Checking the Model Performace

# I have already checked the accuracy of my ETS method. 

# I am going to check the residuals of my ETS model.

fit17 <- data %>% 
  model(ETS(Price))


gg_tsresiduals(fit17)

# From the graphs, my variance seems to be pretty constant, however, there is some 
# inconsistency towards the end with a few outliers throughout the data.
# This means that my prediction interval will be hard to calculate. The residual are
# centered around the mean of 0, and for the most part, the distribution is symmetric.
# This is good for my prediction interval and point forecast. There does seems to be 
# some autocorrelation within the data. I will check the significance using the 
# ljung-bow test below. 

# Since I have seasonal data, I am going to use lag = 2m = 2(5) = 10 and dof = 0.

fit16 <- augment(fit17)

fit16 %>% 
  features(.resid, ljung_box, lag = 10, dof = 0)
## # A tibble: 1 × 3
##   .model     lb_stat lb_pvalue
##   <chr>        <dbl>     <dbl>
## 1 ETS(Price)    23.1    0.0104
# Since my p value < 0.05, it is significant.
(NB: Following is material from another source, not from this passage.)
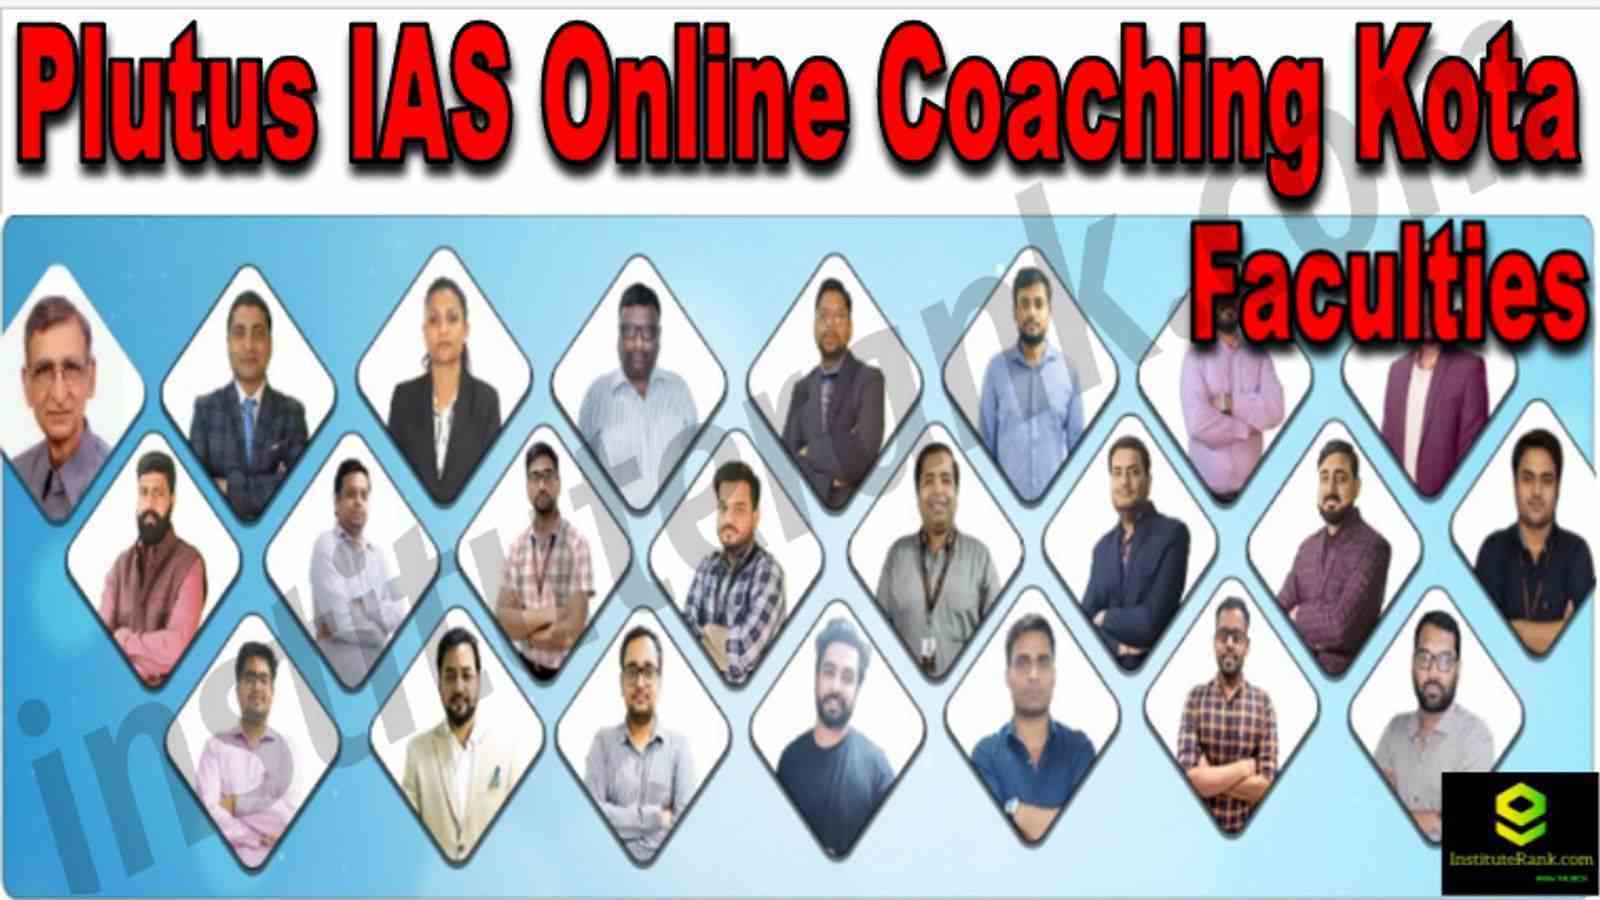 Plutus IAS Online Coaching Kota Reviews Faculties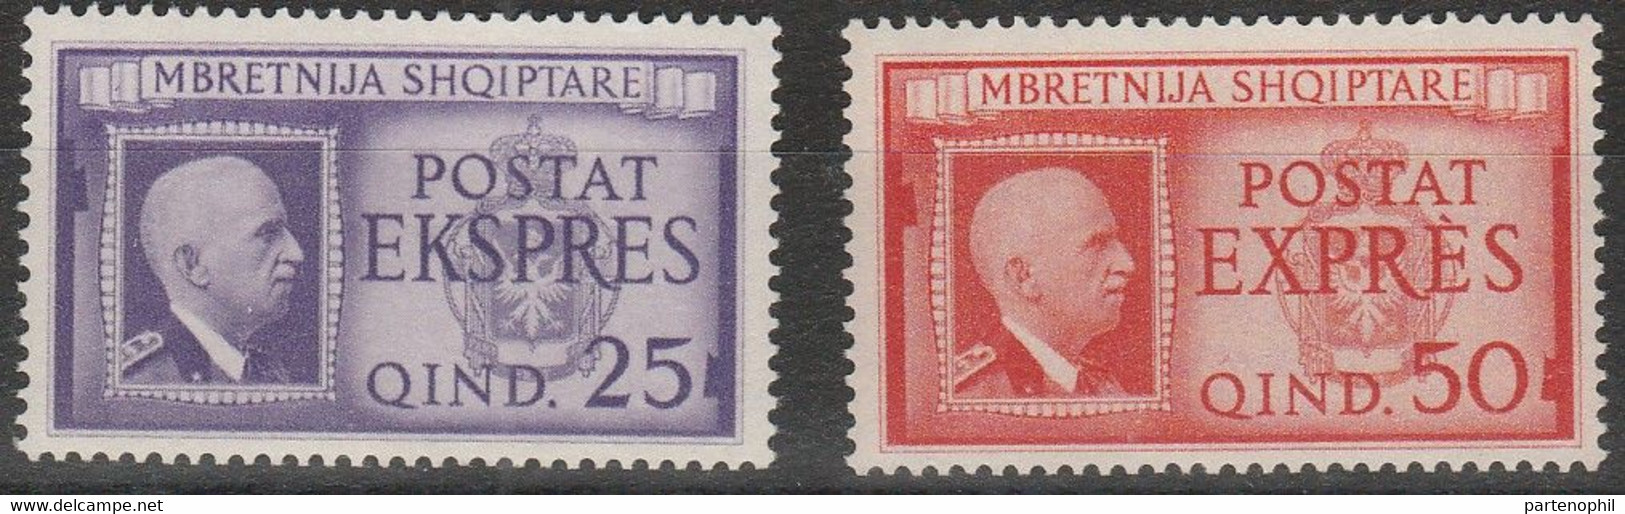 281 Occupazione Italiana Albania  Espressi - 1940 - Vittorio Emanuele II N. 1/2. Cat. € 110,00. SPL MNH - Albania

And so, my residuals 
# are distinguishable from a white noise series. This causes complications
# for my forecast. For now, I cannot do anything but accept it. I am guessing
# that autocorrelation is naturally occurring within my model, and it would 
# cause major complications to fix it. 

# When I produce the box_cox for my data, I get 

data %>% 
  features(Price, features = guerrero)
## # A tibble: 1 × 1
##   lambda_guerrero
##             <dbl>
## 1          -0.572
# There is not clear transformation that I could use that would 
# balance the variance of my seasonality.

Produce the Forecast

# I am now going to forecast the next 4 months of Average Bacon Price using
# the auto ETS method. 

fitty <- data %>% 
  model(auto = ETS(Price))

fcc <- fitty %>% 
  forecast(h = 4) %>% 
  autoplot(data) +
  labs(title = "Forecasting 4 Months Using ETS Method", y = "Average Price of Bacon")
fcc